Usually such a misalignment is only between a few pixels and has little effect on classification and border prediction. But for pixel-level predictions, such a misalignment could cause big problems. Mask R-CNN proposes a RoI Align layer, which is similar to the RoI pooling layer, but with the fixation step removed, that is, with all ⋅ removed. If the calculated table frame is not just between pixels, then we use the surrounding pixels to linearly interpolate to get the value at this point.
For the one-dimensional case, suppose we want to compute the value f(x) at point x. Then we can interpolate with the values of the whole points around x.
What we actually want to use is a two-dimensional difference to estimate f(x,y), we first differ on the x-axis to get f(x,y) and f(x,y+1) and then differ based on these two values to get f(x,y).
SSD: Single shot multiframe detector
In the R-CNN family of models. The regional proposal and classification is done in two pieces. SSD unifies them into a single step to make the model simpler and faster, which is why it is called
single-fire The reason.
It is different from Faster R-CNN in two main ways
as far as sth is concerned anchor frame， We no longer first determine if it contains the object of interest， Then the positive class anchor frame Classification into real objects。SSD In this case we directly use a class classifier to determine which class of object it corresponds to， Or is it just background。 We also no longer have additional regressors to predict the edges any further， Instead, a single regressor is used directly to predict the true edge。

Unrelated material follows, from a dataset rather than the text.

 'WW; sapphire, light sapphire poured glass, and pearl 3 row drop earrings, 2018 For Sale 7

SSD does not just make predictions on the features output from the convolutional neural network, it will further make the features smaller by convolving and pooling layers to make predictions. This achieves the effect of multi-scale prediction.
The specific implementation of SSD will be detailed in the next chapter.

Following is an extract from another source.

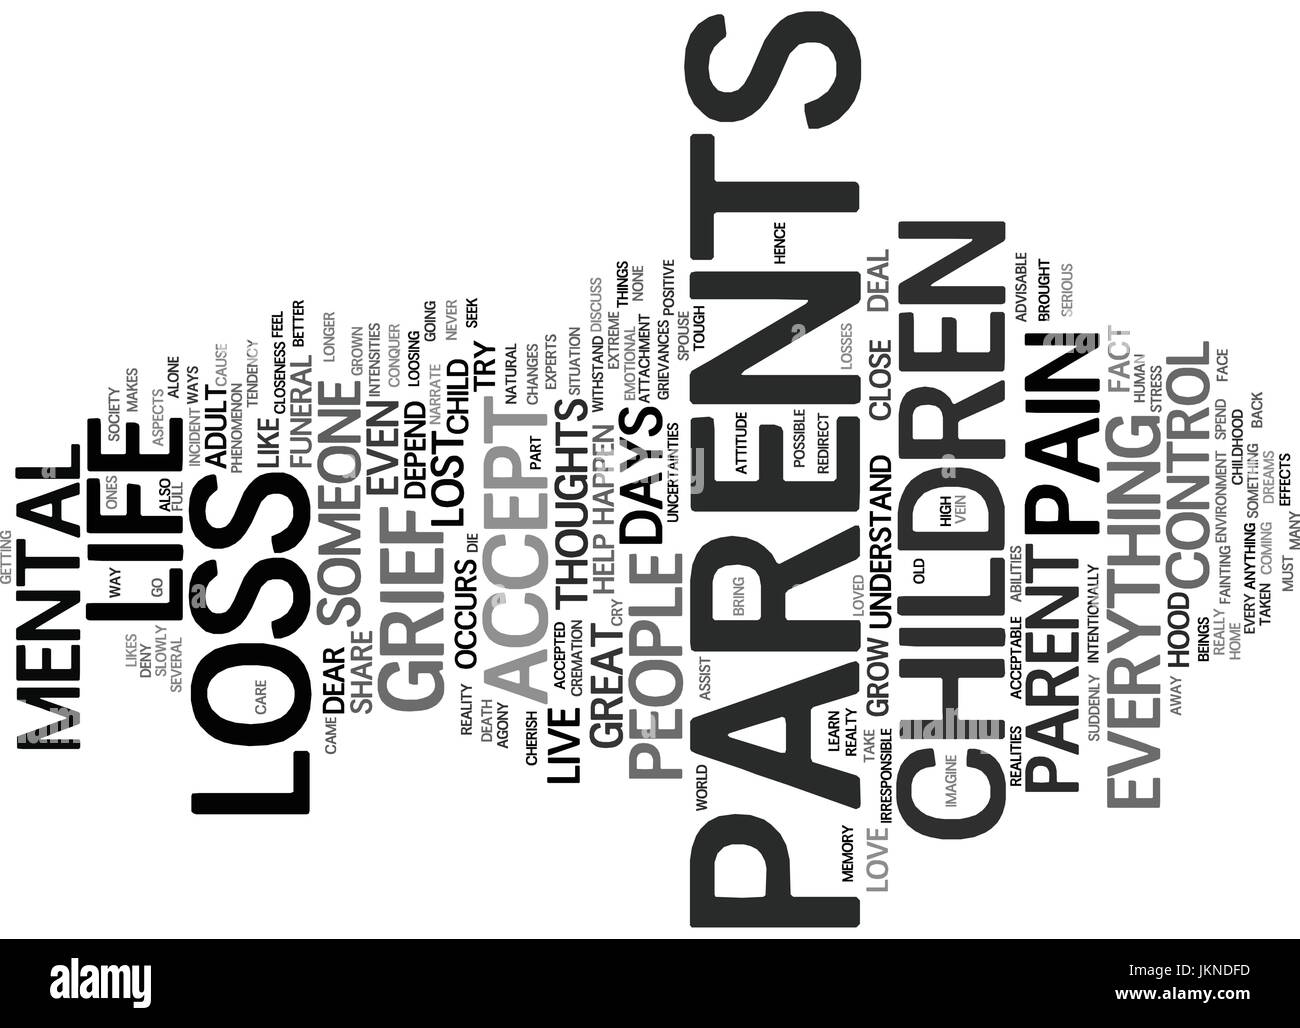 Loss Of A Parent How To Deal With The Grief Text Background Word Stock Vector Image Art Alamy

YOLO: just need to watch it once
Whether it is Faster R-CNN or SSD, a large number of the anchor frames they generate are still overlapping each other, resulting in a large number of regions still being double-computed. YOLO tries to come to grips with this problem. It cuts the image features evenly into S x S blocks, each of which serves as an anchor frame. Each anchor frame predicts B borders, and which object this anchor frame primarily contains.